Photodegradation contributes to forest leaf litter decomposition

Qing-Wei Wang and Marta Pieriste inspecting leaf-litter decomposition filters in the understorey site of a Japanese beech forest

The contribution of photodegradation to litter decomposition in a temperate forest gap and understorey

In a study recently published in New Phytologist with our collaborator Qing-Wei Wang, we found that the spectral composition of light in a forest gap and understorey through the year affected the rate of photodegradation of senescent leaf litter material across a variety of native plant species. This finding that photodegradation plays an important role in forest litter decomposition has potentially far-reaching consequences, and could partially explain the hole in the carbon budget in this ecosystem.

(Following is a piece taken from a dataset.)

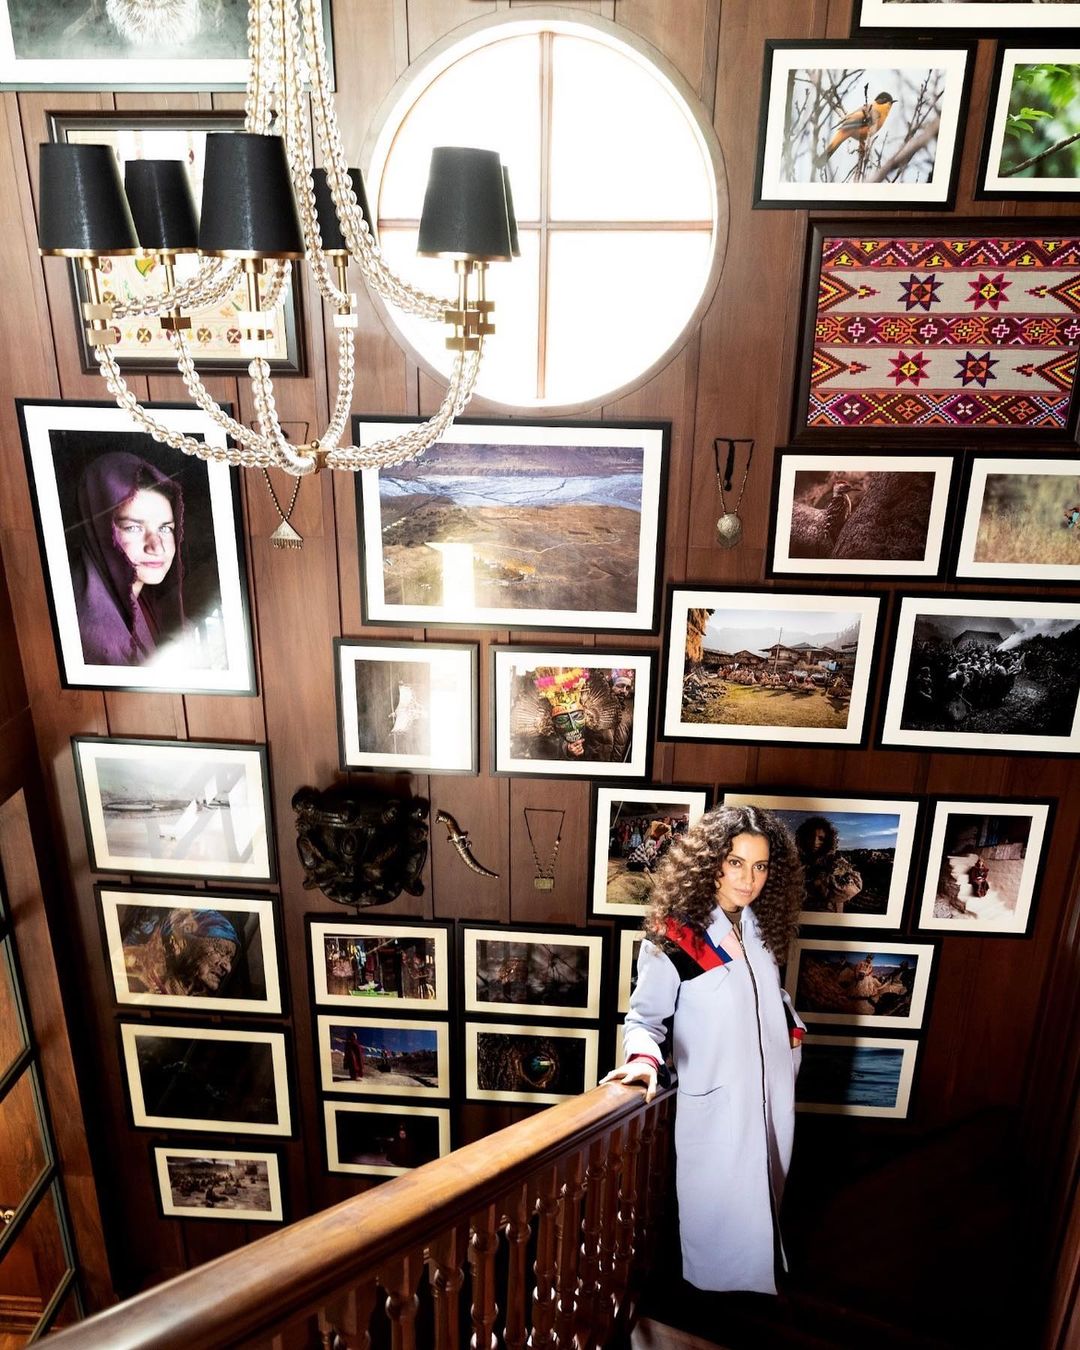 Inside peek into Kangana Ranaut's new "mountain style" home in Manali - Asiana Times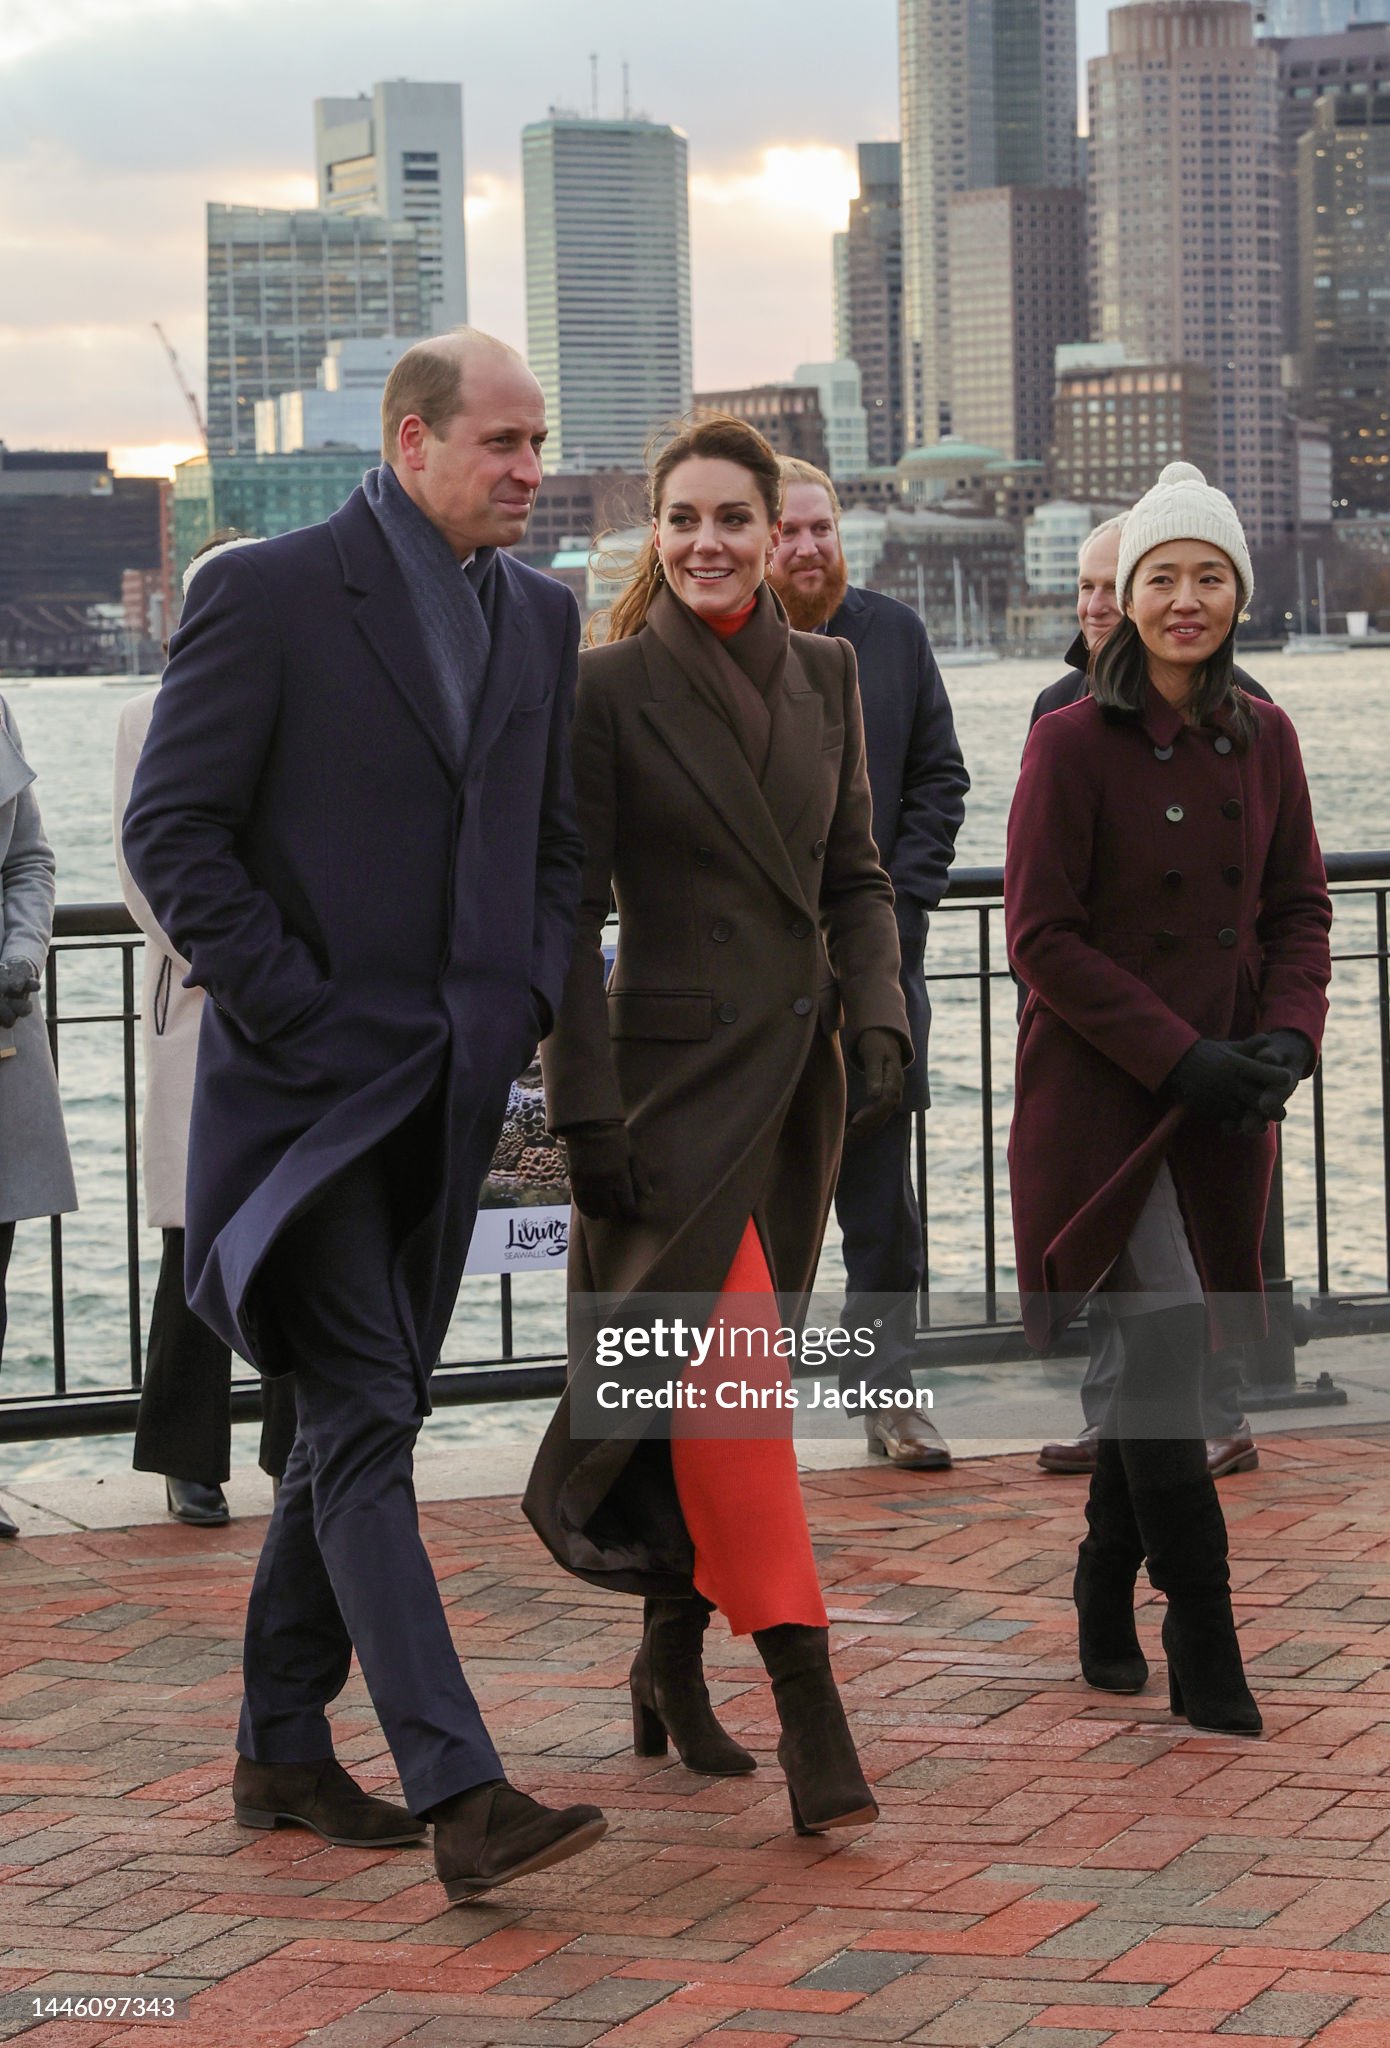 the-prince-and-princess-of-wales-visit-boston-day-2.jpg?s=2048x2048&w=gi&k=20&c=nTECtOu652v3C2QiarJxMp1TABEKgnESwitKlRX3FgA=

Wang QW, Pieristè M, Kenta T, Liu C, Robson TM, Kurokawa H (2020) Photodegradation enhances litter decomposition modulated with canopy openness in a temperate forest. New Phytologist. NPH17022 https://doi.org/10.1111/nph.17022

Enhanced decomposition can occur through direct photochemical mineralisation, but in temperate forests effects of increased temperature and the availability of substrates for microbial decompositions can be even more important. These actions of photofacilitation are highly wavelength dependent and the subtilties of these responses can only be identified through very large scale experimental manipulations of sunlight, as was done in this ambitious experiment.